Task prompt:
From the line below containing "A rustic guest" to the final line, print each line exactly as written. No pictures belong in the copy.

Source material:
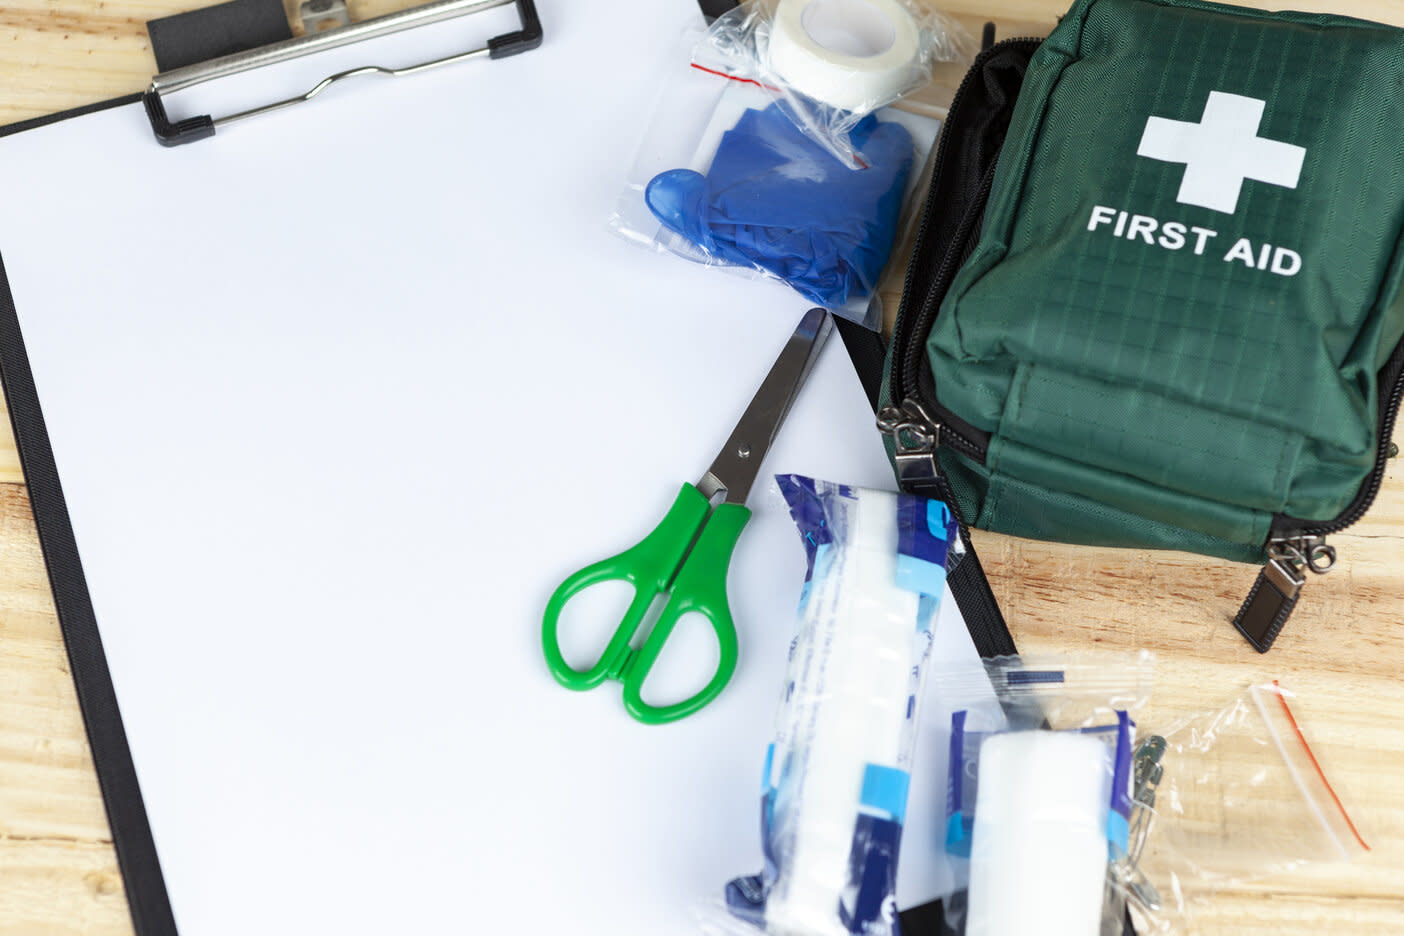 What are the standards for workplace first aid kits?
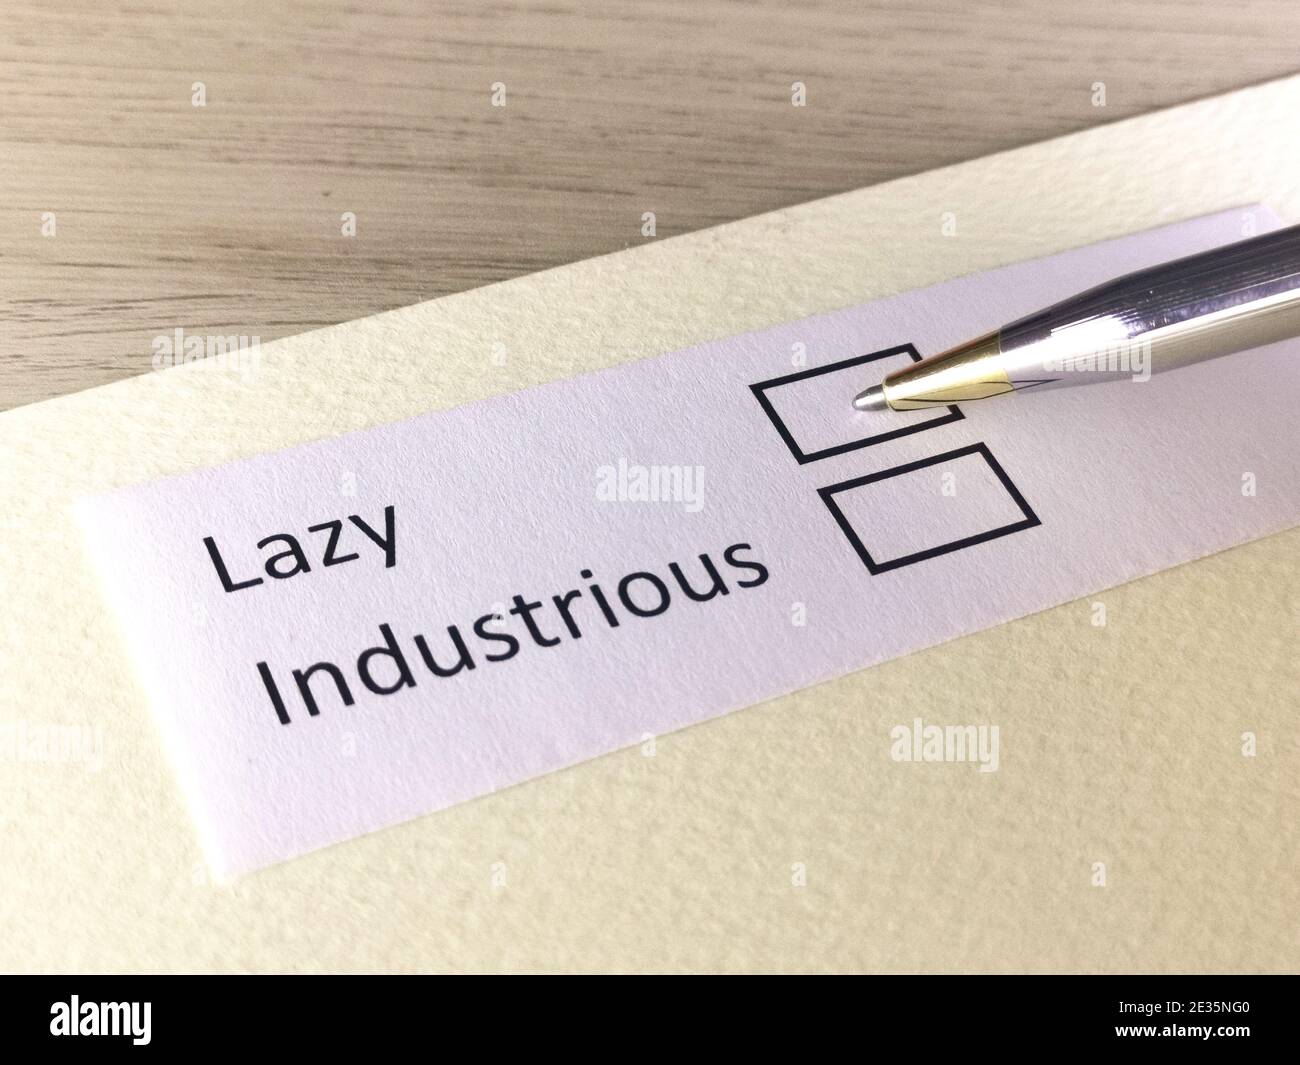 One person is answering question on a piece of paper. The person is thinking to be lazy or to be industrious. Stock Photo
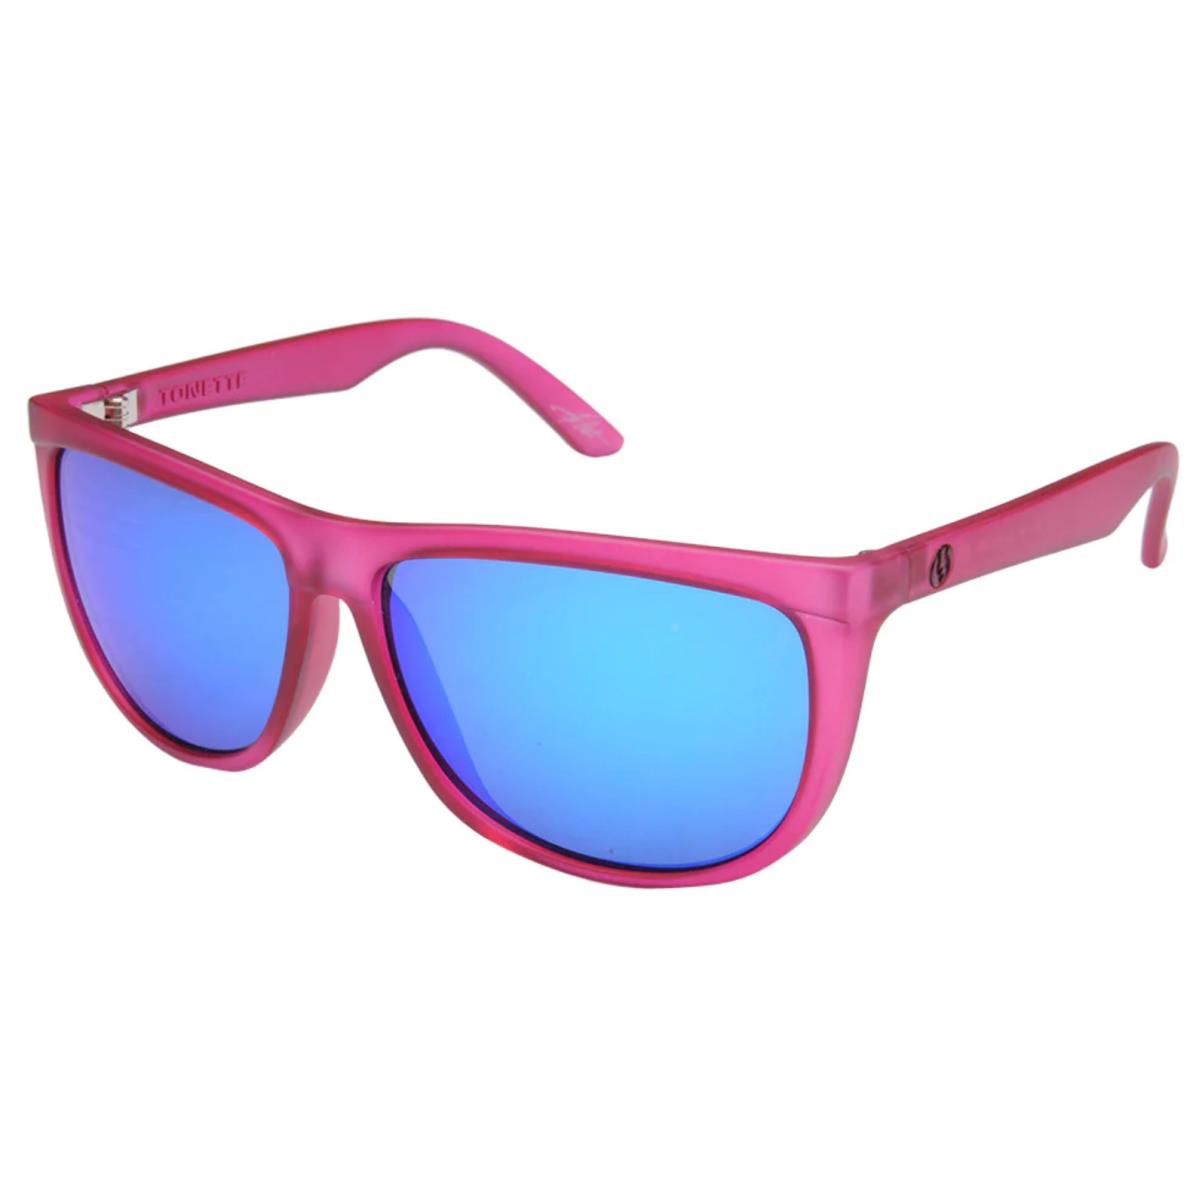 Electric Visual Tonette Panther Pink Blue Chrome Sunglasses Unisex Italy
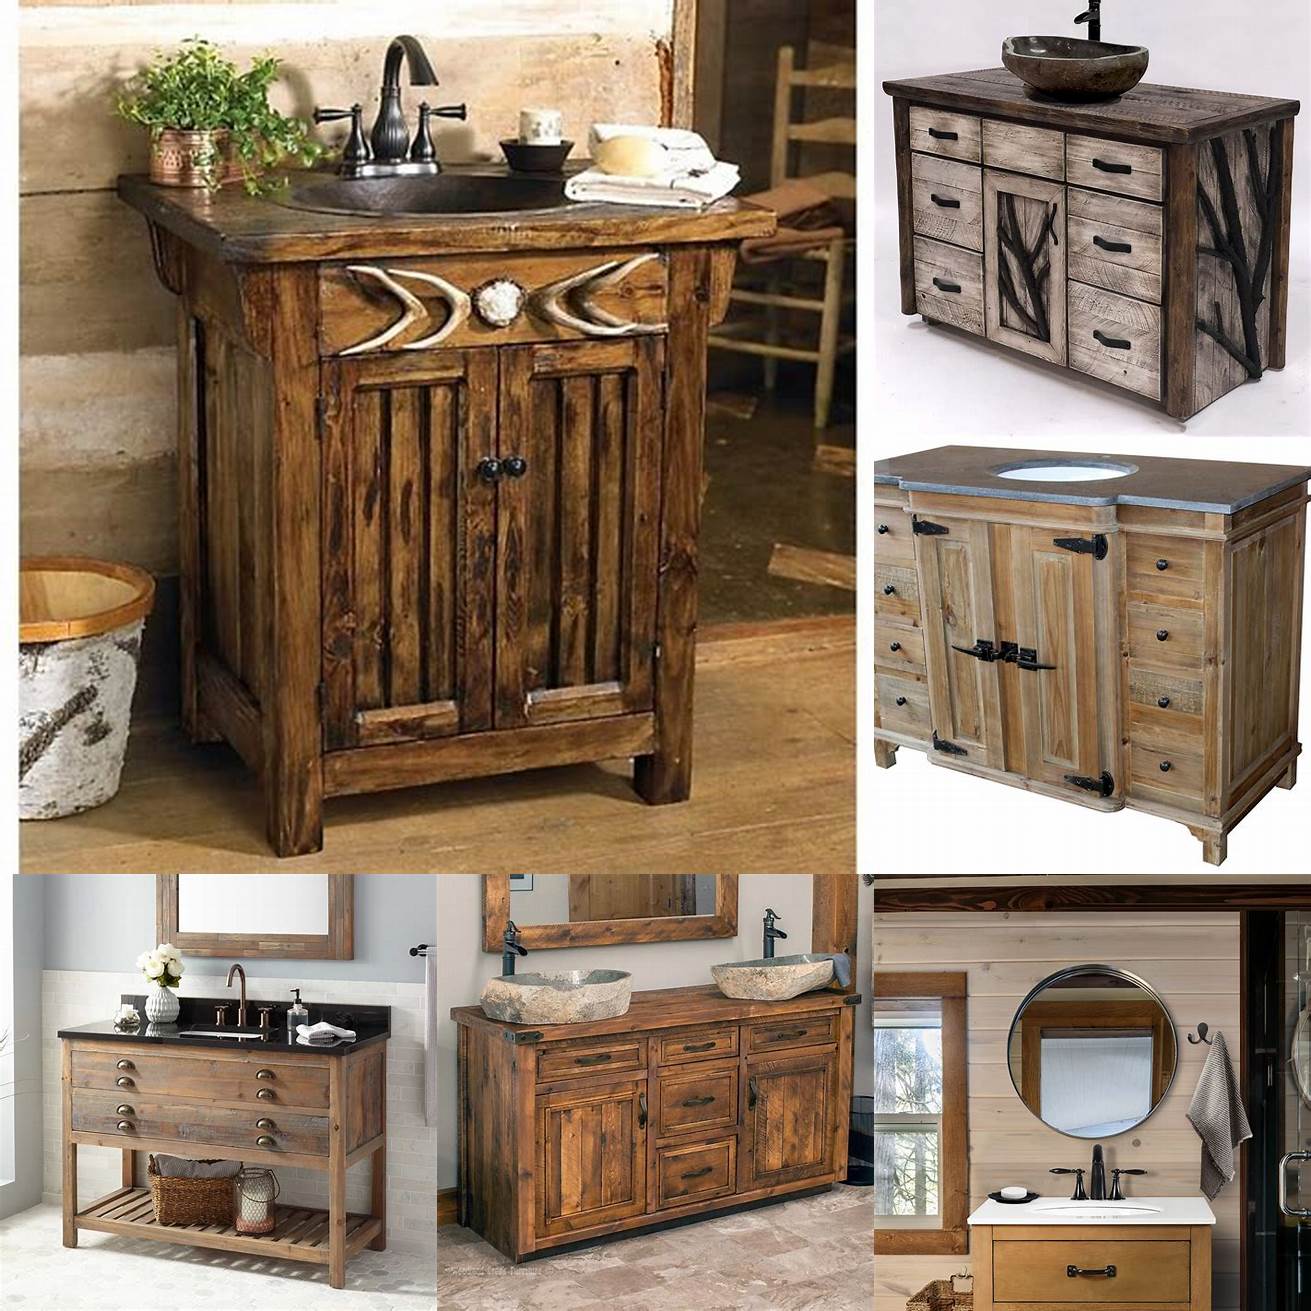 A rustic guest bathroom vanity with natural materials and a distressed finish
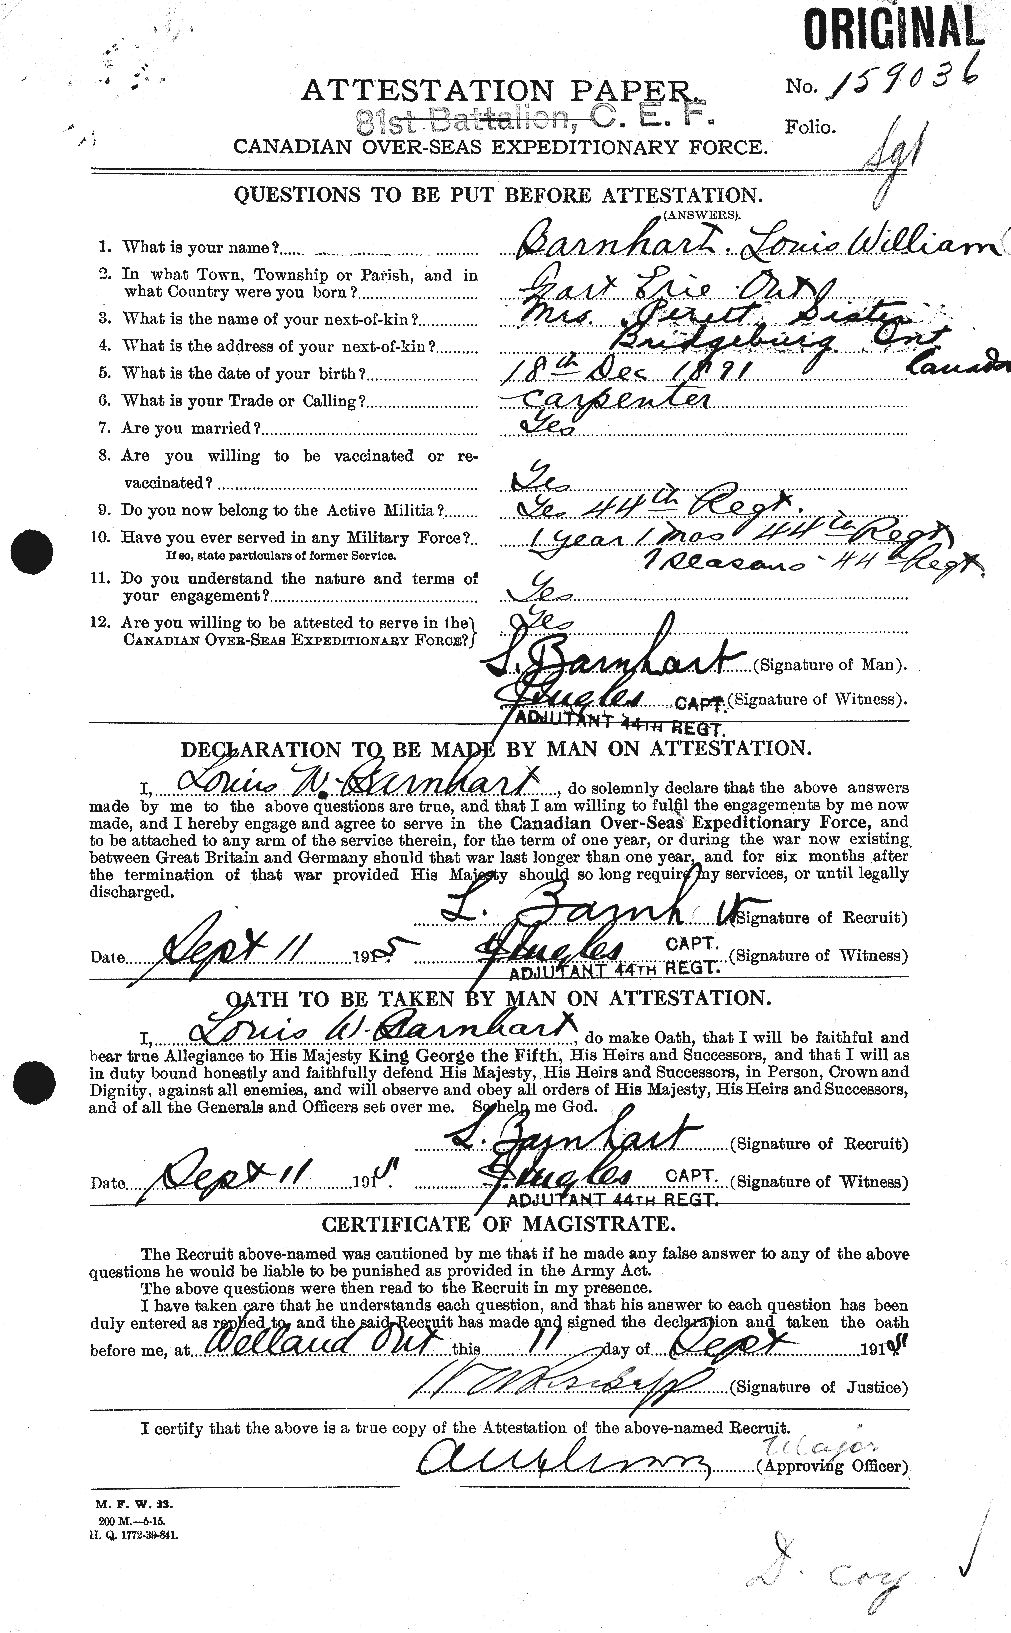 Personnel Records of the First World War - CEF 222809a

Answer box:
 A rustic guest bathroom vanity with natural materials and a distressed finish
 Personnel Records of the First World War - CEF 222809a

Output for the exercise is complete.